Indo-Aryan language spoken in eastern India

Kurmali or Kudmali (ISO: Kuṛmāli) is an Indo-Aryan language classified as belonging to the Bihari group of languages spoken in eastern India. As a trade dialect, it covers in Jharkhand. Kurmali language is spoken by around 550,000 people mainly in fringe regions of Jharkhand, Odisha and West Bengal. There is also a sizeable population speaking Kurmali in the Assam tea valleys.
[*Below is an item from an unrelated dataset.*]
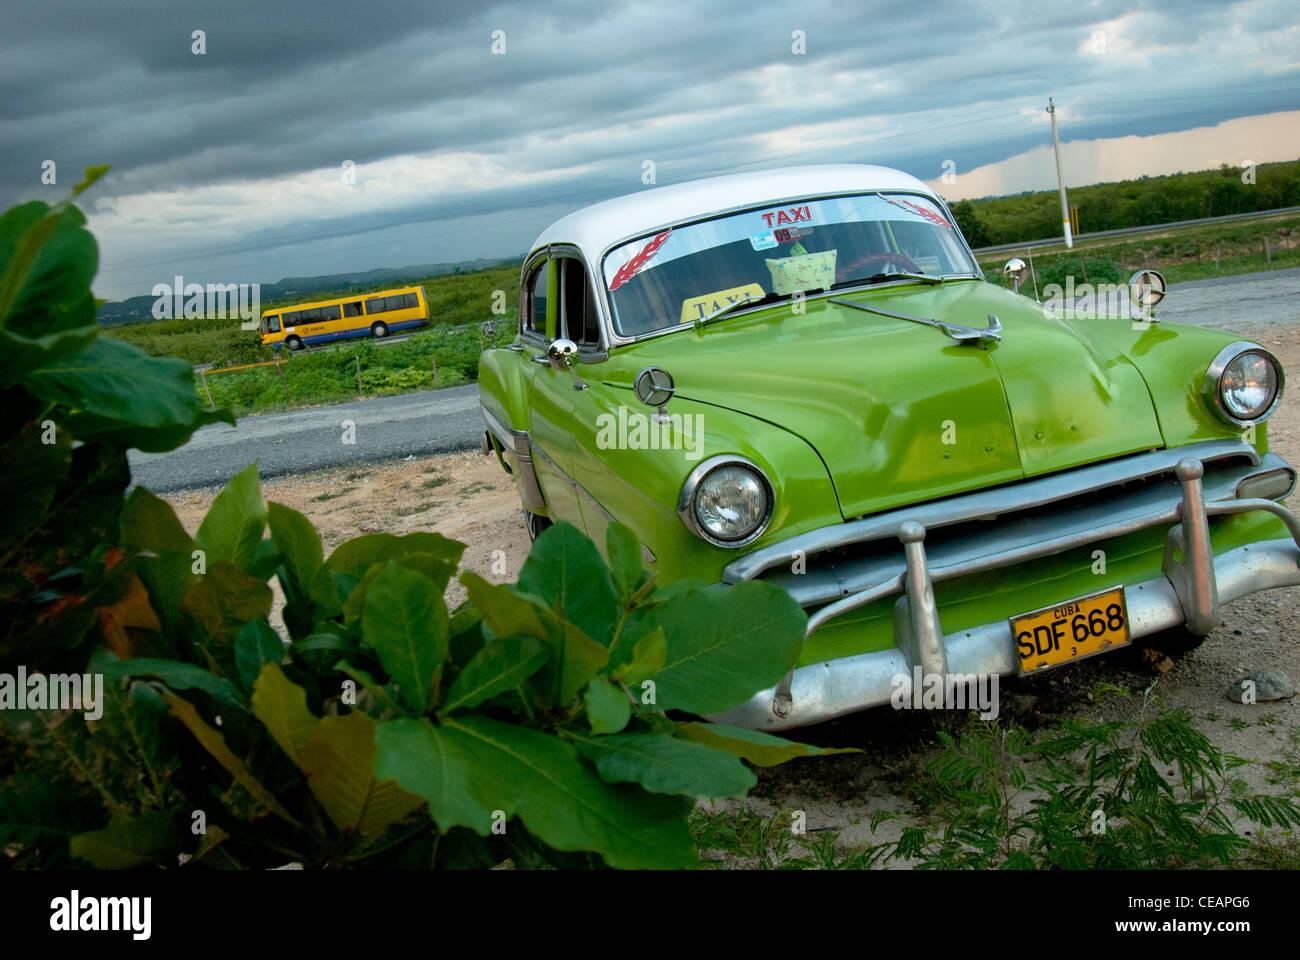 Cuba Beach Car Stock Photos & Cuba Beach Car Stock Images - Alamy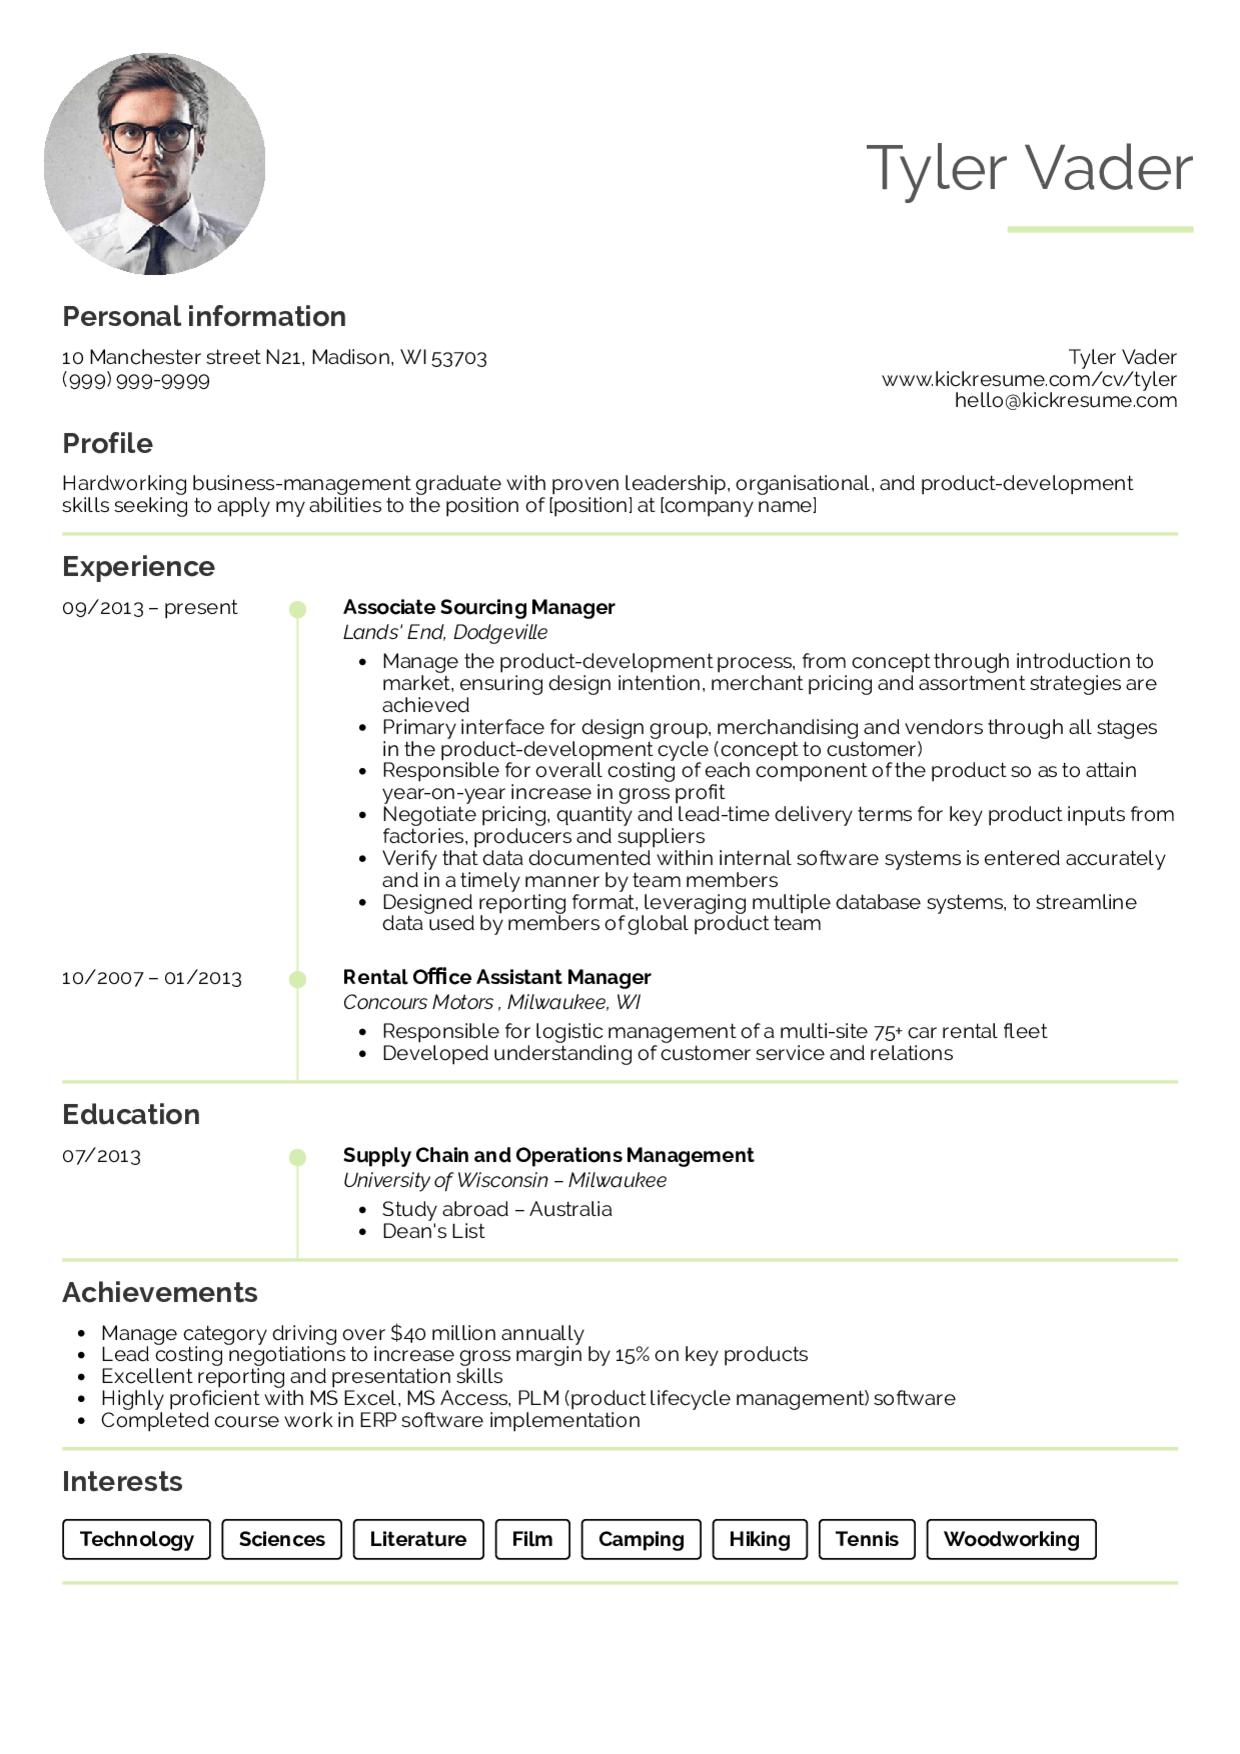 Resume Examples Business Resumeexamples Resume Examples Business Resume Template Business Management

Kurmali is one of the demanded languages for enlisting in Eighth Schedule to the Constitution of India.

==Geographical distribution==

Kurmali language is mainly spoken in three eastern states of India, that is, in southeastern district Seraikela Kharswan, East Singhbhum, West Singhbhum, Bokaro , Dhanbad, Godda, Ramgarh, Giridih, Sahebganj, Hazaribagh and Ranchi districts of Jharkhand; in northern district Mayurbhanj, Balasore, Kendujhar, Jajpur and Sundargarh of Odisha; and in south western district Paschim Medinipur, Jhargram, Bankura, Purulia and northern districts Maldah, Uttar Dinajpur, Dakhin Dinajpur, Jalpaiguri of West Bengal. Apart from the core area of the language, the language is also spoken in Udalguri and a few speakers are also found in Cachar, Santipur, Nagaon of Assam; the eastern districts of Chandrapur and Gadchiroli in Maharashtra. Apart from this, a few speakers are also found in the states of Uttar Pradesh, Bihar and in neighbour country Bangladesh and Nepal.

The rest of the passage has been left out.